Убеждения наши

Евгений Пырков
/Юродивые ХХ века, гл 21/.


,,, Если честный человек, раз ошибившись, следит затем за своим поведением с еще большей осмотрительностью, то сущий подлец со временем только наглеет и тем меньше скрывает свои подлости, чем чаще удается их совершить, ибо стыд – словно одежда: чем больше ветшает, тем меньше о ней попечения.
Апулей.

Едва столкнувшись с редакторами, ВВ понял: "Нет ничего тяжелее, как устраивать свои статьи. То – непонимание, то – равнодушие". Иначе говоря, будешь иметь свою точку зрения – умрешь с голоду. Выбор оказался очень небольшой, как и перед каждой продажной женщиной: "погибнуть на площади, т.е. перед модными домами, замерзнуть на улице или быть растленной ради рубля, который даст ужин". Увы! ВВ относился к тем робким людям, которые выходят на площадь не для того, чтобы свергнуть законное правительство, а  чтобы быть растленными ради рубля. Не Базаровы-с.  И встречая на заплеванных улицах жрицу заплеванной любви, "обрёкшую себя в замужество всему народу" (Почти что монашка, обрекшая себя в невесты Христу), ВВ чувствовал: "Она одна мне своя в мире – такая же бездомная, тоже без отца, без матери. И будет мне она жена на ночь. Как и мне на час работы нужен каждый хозяин, и я говорю о всяком через час – "провались". Да еще пинка норовит дать в зад, который так горячо целовал. Вообще чувствуется, что этот продажный сын продажной журналистики неплохо знает гулящих женщин. И они его знают. По той же причине и «Комсомолка» постоянно печатает расценки на продажную любовь, как свою, так и чужую.
 Конечно, и ВВ и г-на Вырабова в детстве учили говорить правду. А во Второзаконии  вообще прямо сказано: "Правды, правды взыскуйте." И многие действительно начинали жизнь, взыскуя правды, а заканчивали Сибирью.

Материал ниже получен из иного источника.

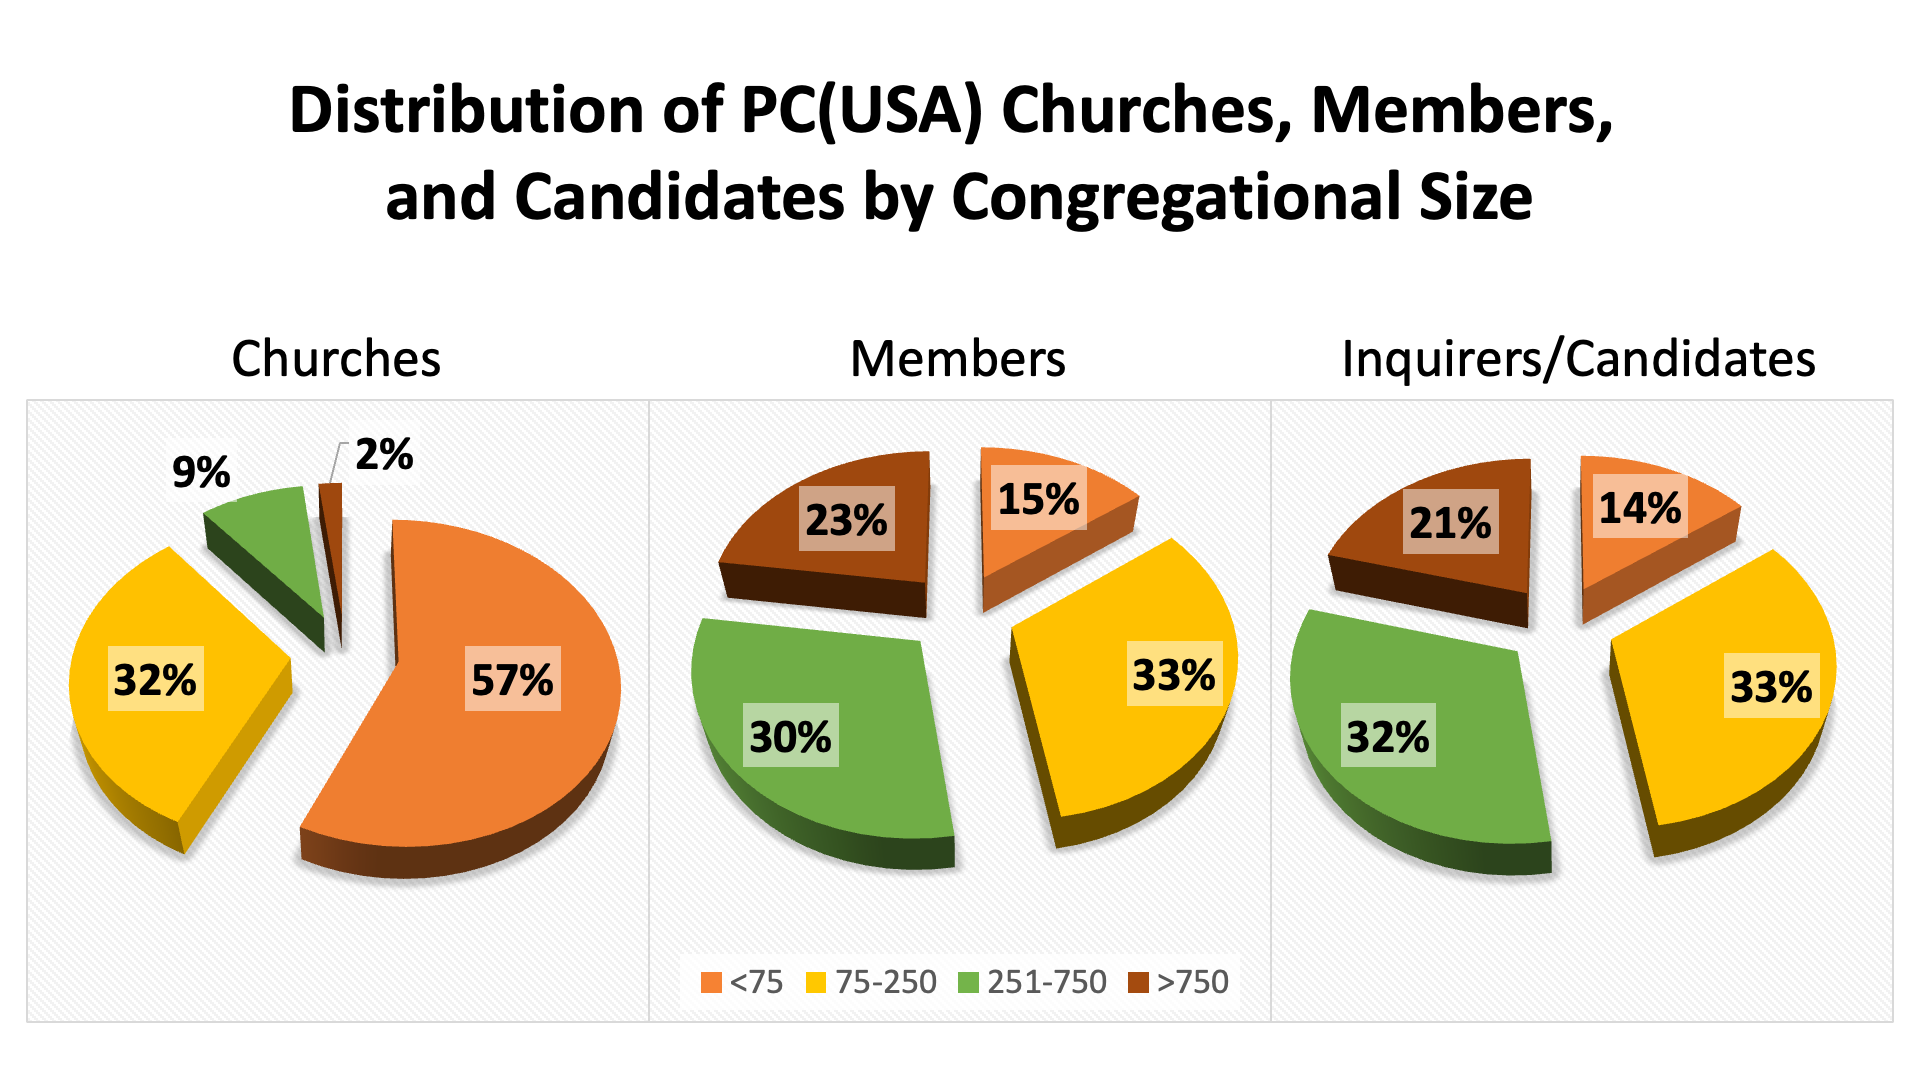 Chart showing distributions of congregations, members, and inquirers/candidates by size category.

Василий Понятливый  вовремя понял, что надо быть Василием Блаженным, чтобы жить среди людей и говорить им правду: забесплатно люди правду еще потерпят, а вот за деньги – вряд ли. Поэтому первым делом ВВ отрешился от своей точки зрения,  словно Николай II  от царства, и пошел батрачить на ниве чернильной, поскольку не мог, хлопнув дверью, уехать в имение со словами: «Служить бы рад, прислуживаться тошно».. С ВВ, в сущности, начинается современная журналистика, его исполинская личность стоит у начала двадцатого века, словно чучело медведя у входа в приличное заведение. В мокроступах. В девятнадцатом веке работники пера почитали своим  долгом порядочных людей хранить верность тому знамени, которому присягали раз и навсегда. «…во всей русской литературе, придерживающейся двух главных направлений, из которых во главе самого распространенного стоит «Современник», а второе имело в начале своим представителем «Русский вестник», мы не знаем ни одного органа, даже ни одного сотрудника, который торгует своими убеждениями…», -- говорил Лесков. ВВ отринул этот пережиток крепостничества и принялся бегать от знамени к знамени в поисках не истины, а лишней десятки. 

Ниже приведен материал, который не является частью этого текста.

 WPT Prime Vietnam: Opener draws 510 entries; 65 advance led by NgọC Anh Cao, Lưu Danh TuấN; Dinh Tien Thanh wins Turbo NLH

«Будем мужественно смотреть в глаза правде", - как и завещал робкий обыватель ВВ и скажем правду: не любил ВВ правду: "Только дурак повинуется долгу". И еще читатель КП, кормивший комаров в тайге в  верстах  от Вилюйска, куда он в отличие от Чернышевского поехал совершенно добровольно. Убеленный сединами гений внушал нетерпеливому петербургскому юноше: "… любви к правде… у меня не только не было, но и представить себе не мог." А о  нравственности не знал даже того, как это слово пишется (был человек малограмотен в нравственном отношении): «Я не враждебен нравственности, а просто «не приходит на ум». Потому что если бы пришло, пришлось бы стать революционером. Вот и отбрыкивался человек от нее.

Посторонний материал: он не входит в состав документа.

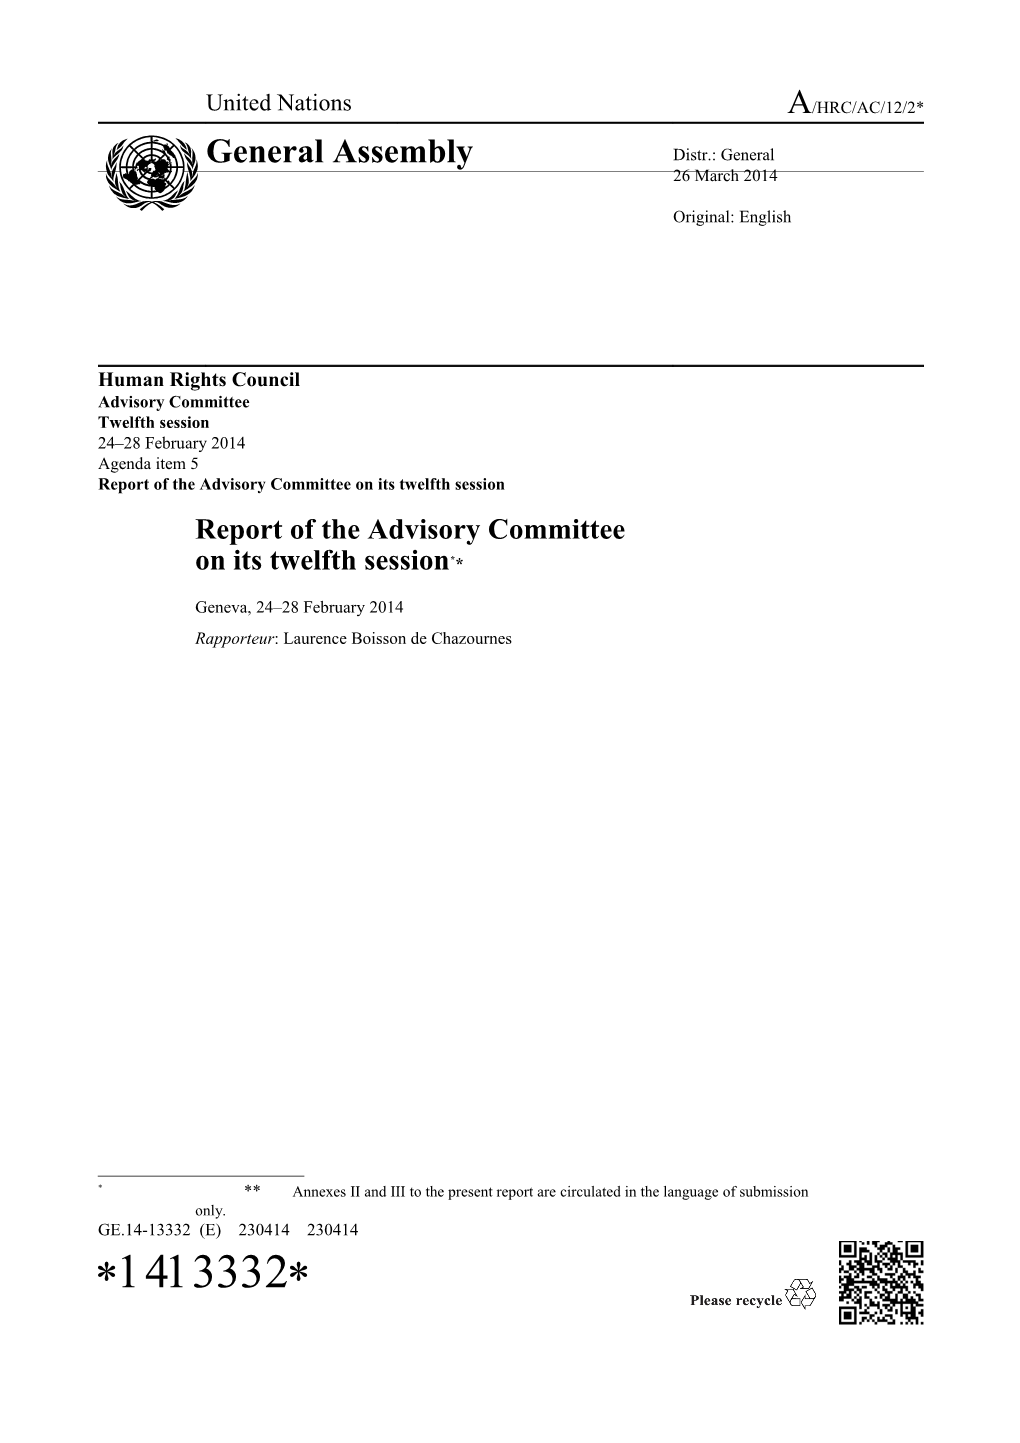 Report of the Advisory Committee on Its Twelfth Session

 Потому что, как указывали Писарев и Добролюбов, "люди, лишенные материального обеспечения" мало ценят отвлеченные понятия. А если юноша удивлялся и спрашивал, как ВВ стал столь бессовестным, ВВ ответствовал: "Так меня устроил бог". Ну, с богом спорить не будешь: его пути неисповедимы.
ВВ и сам иногда поражался: "Удивительно, как я уделывался с ложью. Она никогда не мучила меня…" Иначе говоря, начал наш поденщик пера свой путь наверх с того, что отрекся от  требования Писарева "всегда и везде отыскивать истину" и почитать ее выше внушений дрянного самолюбия", а потому неправы те, кто утверждает, что ВВ торговал совестью: нельзя торговать тем, чего нет. ВВ, вообще прикладывал гораздо более усилий для затемнения истины, чем для ее отыскания. Когда же неподготовленные к отношениям всеобщей продажности люди дивились и спрашивали, говорил ли этот светоч самодержавия, православия и народности вообще когда-нибудь правду, и с каких пор начал врать, ВВ так же простодушно ответствовал: "С моего испуганного и замученного детства".
А ведь у нас как бывает? Кто-то где-то крикнул, что Розанов что-то необычное насочинял. Да и спрятался. А приспособленцы – они же, как овцы, куда одна – туда и все. (А где лягут – там можно начинать себе усадебку строить). И вот уже "под Розанова" сочиняются труды, а самый робкий из соискателей теплого местечка норовит унавозить свою речь чем-нибудь "розановским". Хотя, отметим справедливости ради, даже самые восторженные его поклонники не дерзают его именовать «совестью народа».
/Продолжение следует/.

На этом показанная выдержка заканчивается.